Anyway, back to the blog at hand: I don’t have kids and I’ve never had straight friends and family make the kinds of outright homophobic comments to my face that Dan Pearce has. So while it’s hard to read his constant “Dear God, please don’t let me be anything other than straight” refrain, it’s understandable given his circumstances. All the more brave, then, his decision to stop living the lie and crack the closet door. I expect there are some homophobic comments amidst the 3443 responses to his post to date, but I was encouraged by the outpouring of support I found there. It’s hard to imagine how anyone could respond other than supportively to such a heartrending, vulnerable piece, but then again, I can’t fathom any of the hateful trolling comments that show up on the web every day. May we all be stronger and have more integrity than those whose humanity is so stunted.

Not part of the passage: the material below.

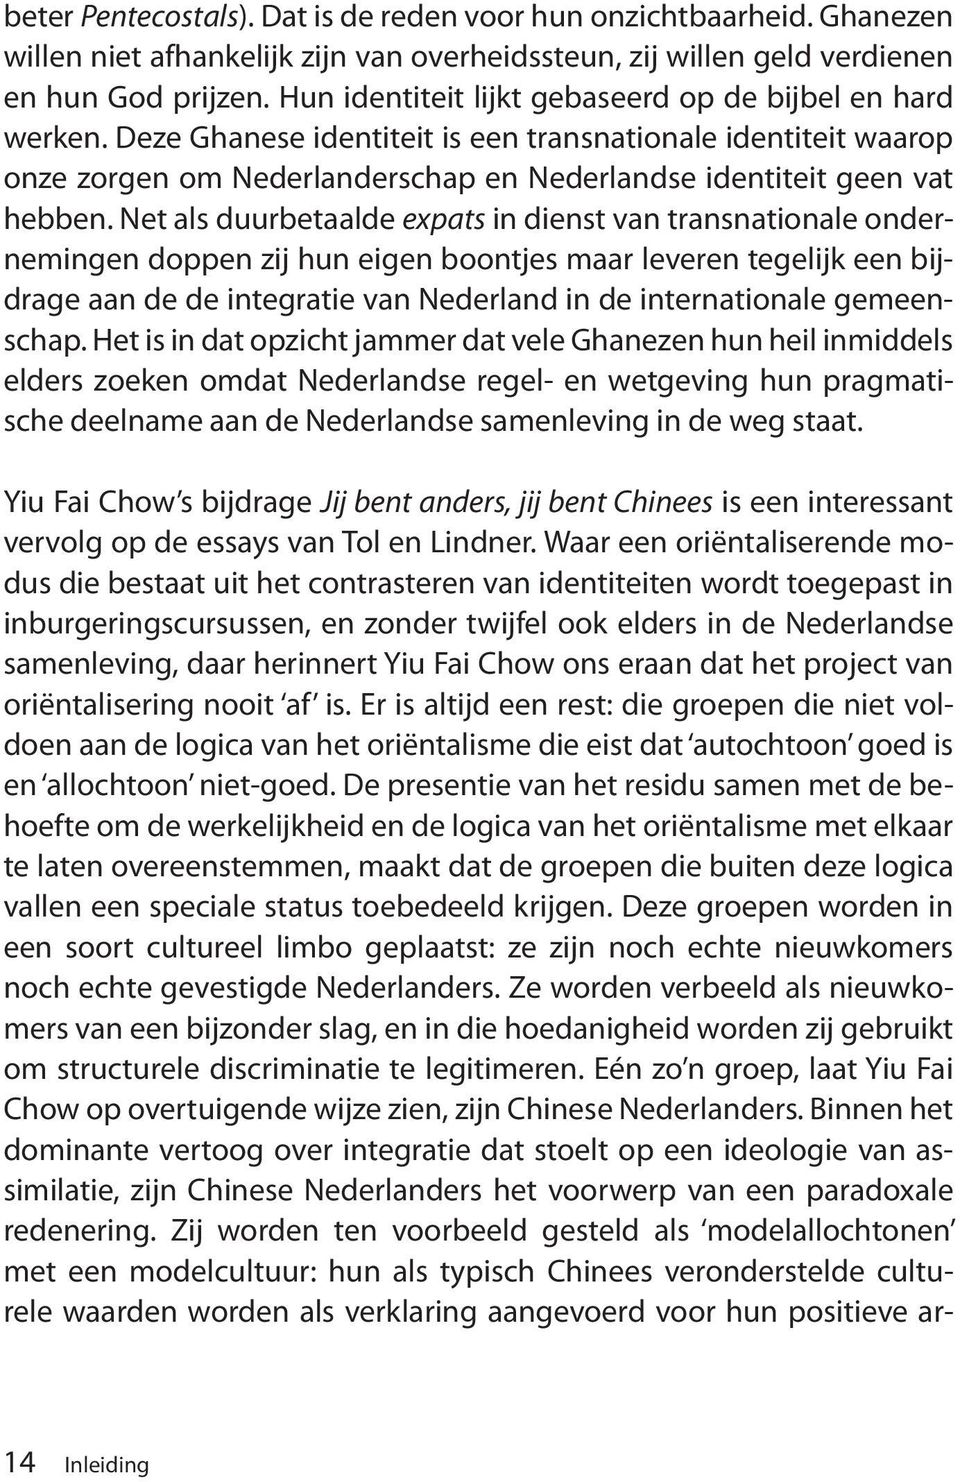 Net als duurbetaalde expats in dienst van transnationale ondernemingen doppen zij hun eigen boontjes maar leveren tegelijk een bijdrage aan de de integratie van Nederland in de internationale

Guidelines for acceptable sexuality have been drilled into me my entire life, and the mandate has always been clear. Being anything other than straight will never be tolerable, at least not with the vast majority of the people in my family and in my community.

That damned mandate.

The one that tells us we are to claim love, but we are to never actually love those who we have been told are unacceptably different.

…For twenty-one years, I have been paralyzed by the fear of what this society will do with me if they ever were to know of the thoughts that I continually push away. For more than two decades, I have made a choice to be straight. After all, it’s as easy as making a choice, isn’t it? This culture has made sure that I know that. Anyone who is anything other than straight was just someone deceived by the devil. He is unnatural. He is confused. He is mistaken. He is weak. He can control it if he desires to control it. Such a compelling and ongoing argument has been made that I have always trusted it.

Until now. Among other illusions broken, may Dan find that his fears of being forever defined primarily by his sexuality are unfounded. The universe is so much bigger than the prejudice of small minds.